Going down the listing below, print exactly each line from the one with "Mengistu Haile Mariam: Mengistu" up to and including the one with "Types of Channel Structures", and skip the rest.

__MATERIAL SHOWN__:

━━━━━━

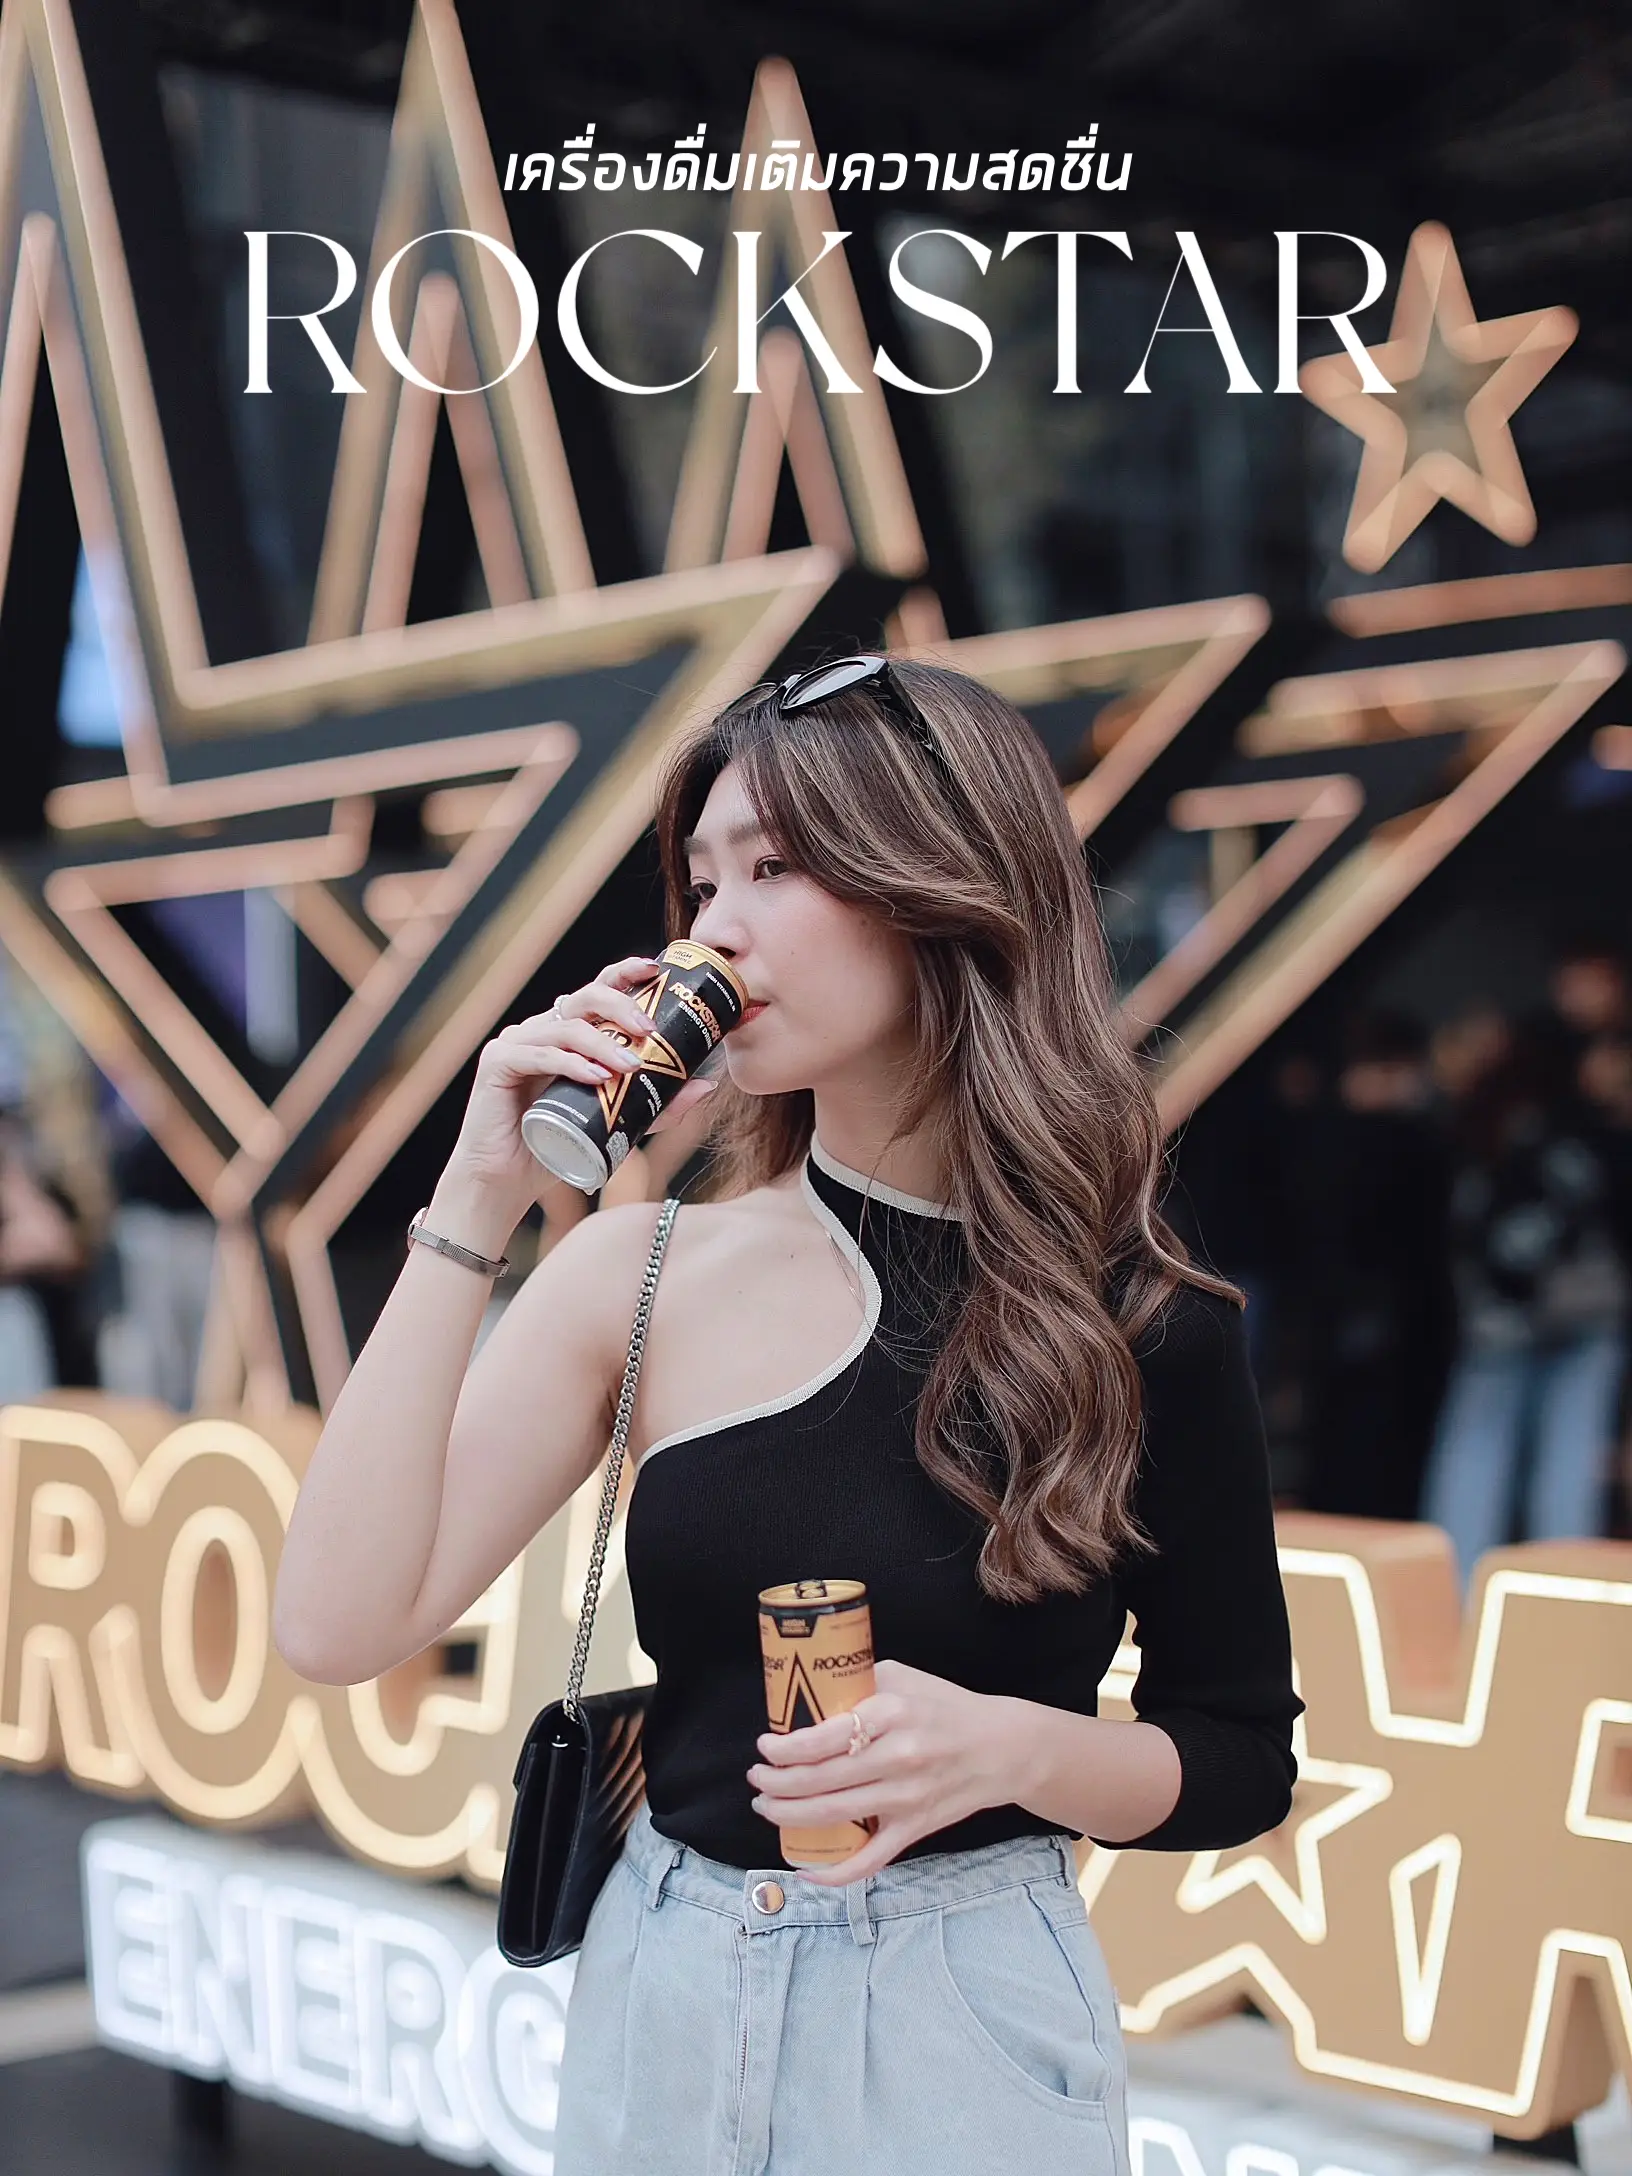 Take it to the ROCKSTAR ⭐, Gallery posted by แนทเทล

━━━━━━

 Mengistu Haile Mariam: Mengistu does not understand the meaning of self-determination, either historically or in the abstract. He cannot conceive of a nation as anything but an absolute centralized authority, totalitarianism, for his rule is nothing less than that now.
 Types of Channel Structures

━━━━━━

__EXERCISE OUTPUT__:
 Mengistu Haile Mariam: Mengistu does not understand the meaning of self-determination, either historically or in the abstract. He cannot conceive of a nation as anything but an absolute centralized authority, totalitarianism, for his rule is nothing less than that now.
 Types of Channel Structures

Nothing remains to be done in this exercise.